There is third explanation, recently put forward by columnist
Hüseyin Sümer in this paper's Turkish language sister
publication, Zaman, that is not so much the government that
is dragging its feet but the government bureaucracy in general
and its EU secretariat-general in particular. "How can
those whose own faith in Europe has been destroyed hope to
take Turkey into Europe?" he asks and cites an unsourced
email which he purports to have come from these bureaucrats
which attacks the prime minister for signing a harmonization
package back in 2003 that puts Turkey squarely under the EU's
thumb.
Mr. Sümer's column points to a rift within government
departments, but not perhaps in the way he intended. The curious
thing is that the anonymous email he quotes contains the very
public remarks of the leader of the ultranationalist party,
Devlet Bahçeli, made three years ago.
|
This is scant evidence
with which to blacken the name of a whole government department.

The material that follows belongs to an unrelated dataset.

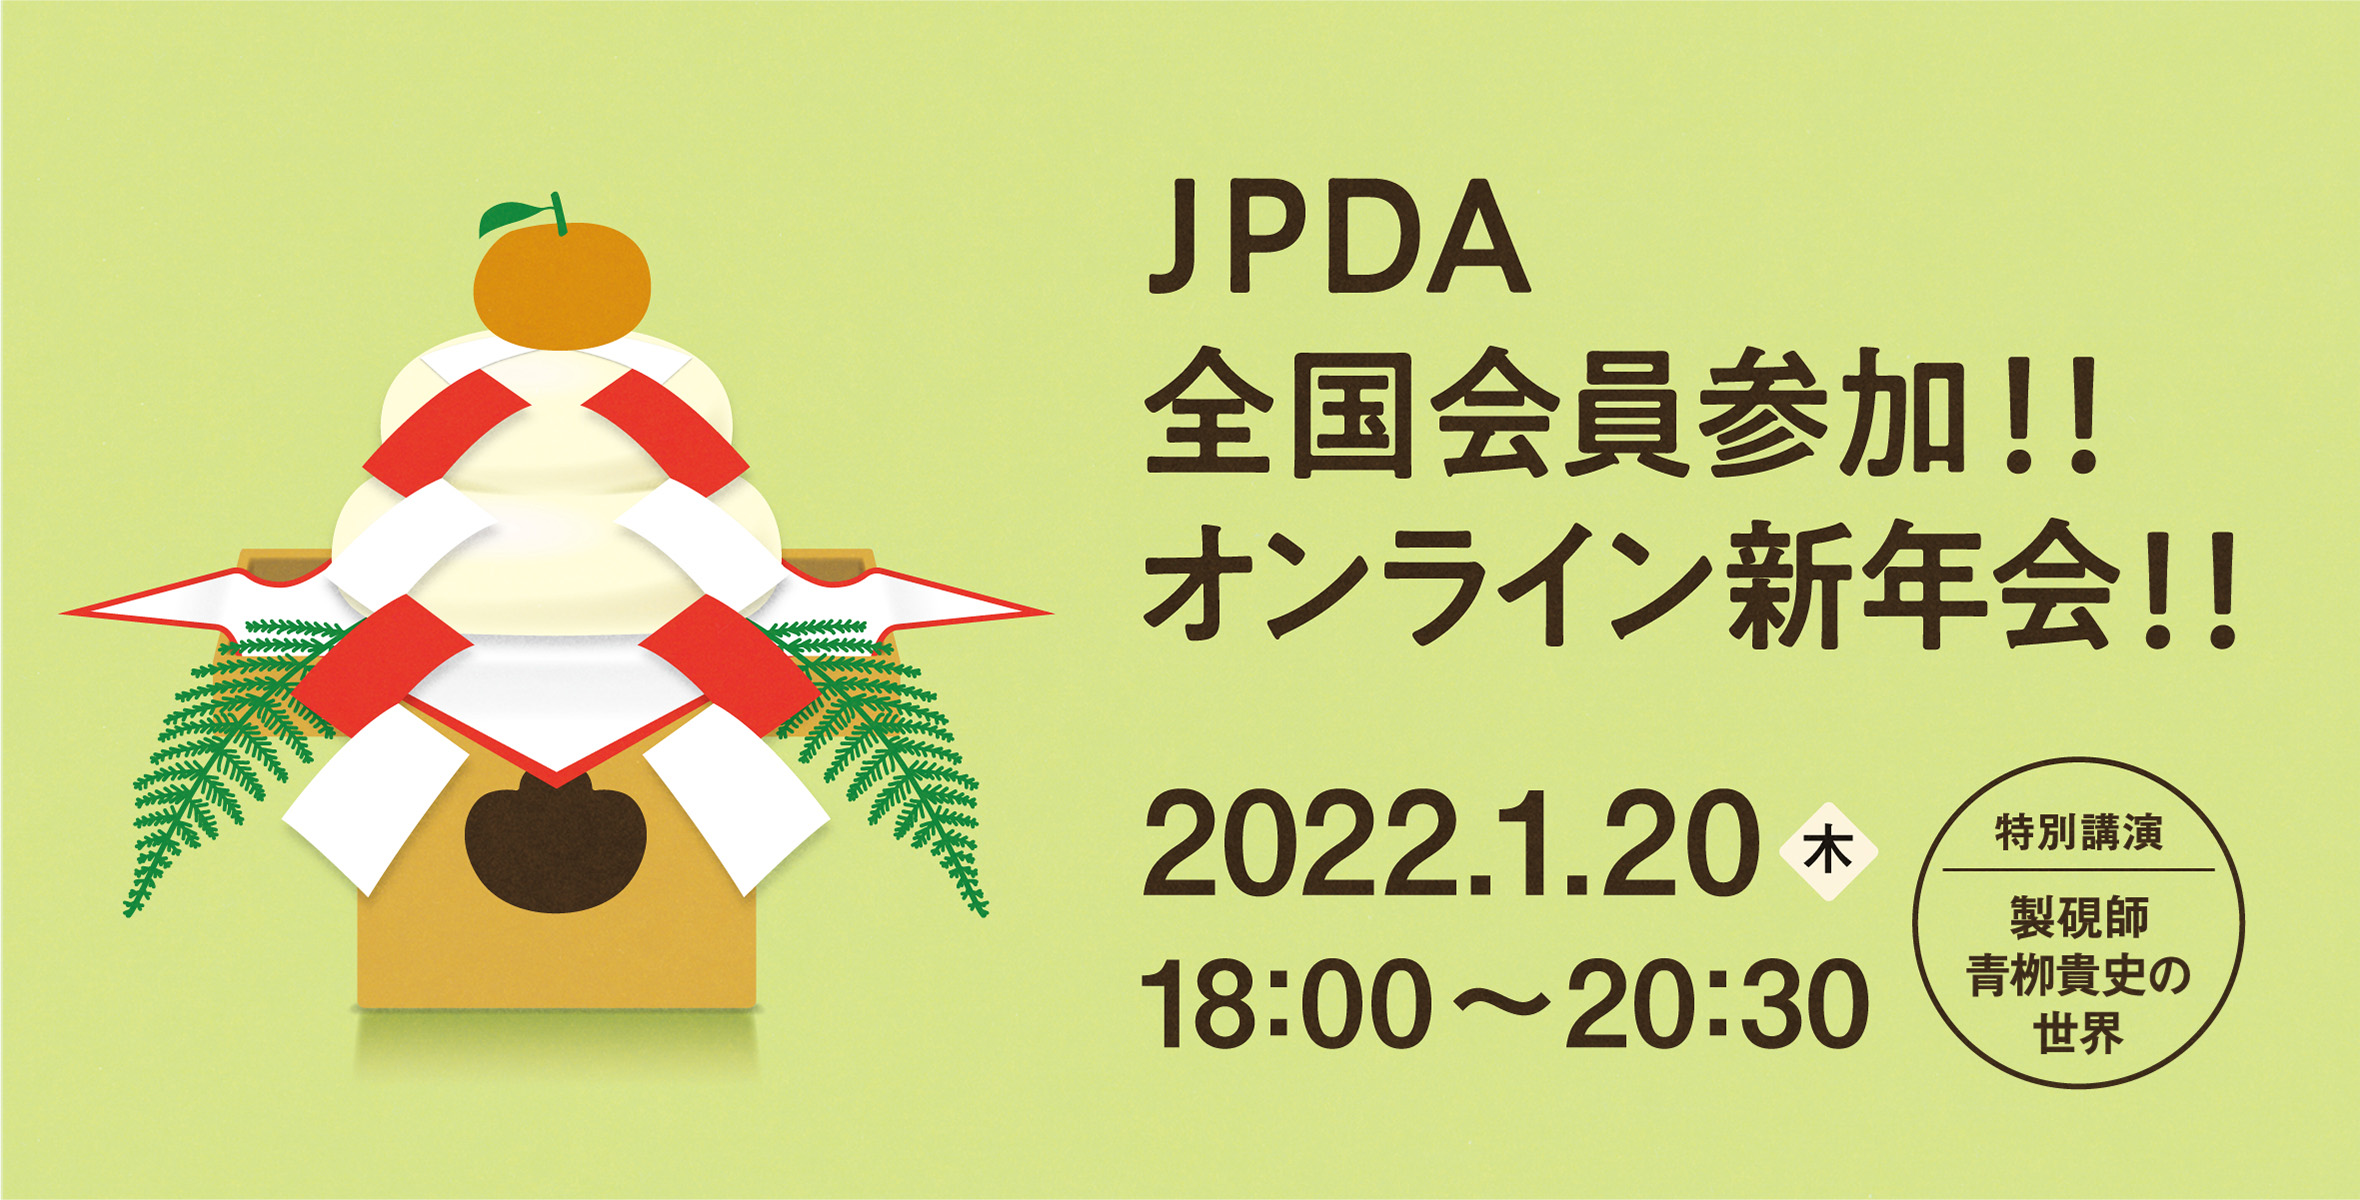 JPDAオンライン新年会2022のイメージ

What we may be seeing is spin between government agencies
battling for control over the negotiating process, with the
Prime Ministry trying to reel back authority from the Foreign
Ministry. My own experience of those Turks doing the actual
negotiations is that they are very much on message in wanting
to get their country into Europe but will in their franker
moments lament that their political masters are not giving
them the support they feel they deserve. Turkey's EU Secretariat-General
for EU Affairs is not the problem.
After all, it is Parliament, not the Foreign Ministry, who
has pointedly refused to repeal the infamous Article 301 of
the Turkish Penal Code (TCK), which envisages dire penalties
for those who insult Turkishness. This is one of those high-profile
laws which have been exploited by opponents to EU accession
to pursue deliberately embarrassing prosecutions against the
country's most prominent writers and intellectuals. It is,
however, the Foreign Ministry that will be left to explain
to Turkey's friends in Europe the unexplainable; that instead
of celebrating the fact that Kurdish nationalism has entered
the democratic arena in party political form, the courts are
trying to drive it underground by arresting party members
and pursuing the closure of the Democratic Society Party (DTP).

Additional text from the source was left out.